- SUPPLIED DATA

-- Opening Marker --

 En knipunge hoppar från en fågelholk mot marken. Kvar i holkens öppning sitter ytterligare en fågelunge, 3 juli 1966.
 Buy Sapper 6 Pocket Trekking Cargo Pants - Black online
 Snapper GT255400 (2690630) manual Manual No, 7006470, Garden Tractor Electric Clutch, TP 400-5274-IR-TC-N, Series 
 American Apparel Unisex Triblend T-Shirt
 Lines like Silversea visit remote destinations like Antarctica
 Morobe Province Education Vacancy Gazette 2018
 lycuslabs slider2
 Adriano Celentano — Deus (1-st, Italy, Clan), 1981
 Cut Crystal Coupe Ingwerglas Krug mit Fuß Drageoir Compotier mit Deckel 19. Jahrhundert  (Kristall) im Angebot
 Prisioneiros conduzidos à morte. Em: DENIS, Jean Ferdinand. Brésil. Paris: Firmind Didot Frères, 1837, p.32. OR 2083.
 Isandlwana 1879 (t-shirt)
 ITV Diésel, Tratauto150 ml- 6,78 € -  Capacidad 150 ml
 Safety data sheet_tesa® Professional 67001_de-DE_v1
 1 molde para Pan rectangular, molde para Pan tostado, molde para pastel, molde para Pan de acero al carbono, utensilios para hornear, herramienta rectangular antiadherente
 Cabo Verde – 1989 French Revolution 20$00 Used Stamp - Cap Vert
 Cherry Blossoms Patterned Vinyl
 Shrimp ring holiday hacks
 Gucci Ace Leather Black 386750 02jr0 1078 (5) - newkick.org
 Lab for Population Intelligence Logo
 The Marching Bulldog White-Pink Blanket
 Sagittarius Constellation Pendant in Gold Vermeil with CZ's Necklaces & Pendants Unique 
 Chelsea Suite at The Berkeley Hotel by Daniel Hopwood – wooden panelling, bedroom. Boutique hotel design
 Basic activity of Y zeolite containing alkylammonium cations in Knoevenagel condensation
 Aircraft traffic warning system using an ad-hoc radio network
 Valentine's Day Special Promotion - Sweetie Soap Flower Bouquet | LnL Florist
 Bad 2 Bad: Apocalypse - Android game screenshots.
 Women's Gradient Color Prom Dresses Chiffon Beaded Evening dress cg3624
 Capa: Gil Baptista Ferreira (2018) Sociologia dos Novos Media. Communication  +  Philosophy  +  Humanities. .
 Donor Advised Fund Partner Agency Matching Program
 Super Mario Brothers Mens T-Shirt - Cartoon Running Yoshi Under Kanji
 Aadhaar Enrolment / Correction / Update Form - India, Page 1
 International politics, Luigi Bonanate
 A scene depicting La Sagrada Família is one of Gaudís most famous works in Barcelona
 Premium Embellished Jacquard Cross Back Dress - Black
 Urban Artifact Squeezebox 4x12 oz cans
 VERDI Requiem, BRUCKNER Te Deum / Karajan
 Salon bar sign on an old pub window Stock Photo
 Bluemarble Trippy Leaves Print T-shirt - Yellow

-- Closing Marker --

- THE TASK
Scan the material for "Black" and copy the lines that hold it.

- TASK SOLUTION
 Buy Sapper 6 Pocket Trekking Cargo Pants - Black online
 Gucci Ace Leather Black 386750 02jr0 1078 (5) - newkick.org
 Premium Embellished Jacquard Cross Back Dress - Black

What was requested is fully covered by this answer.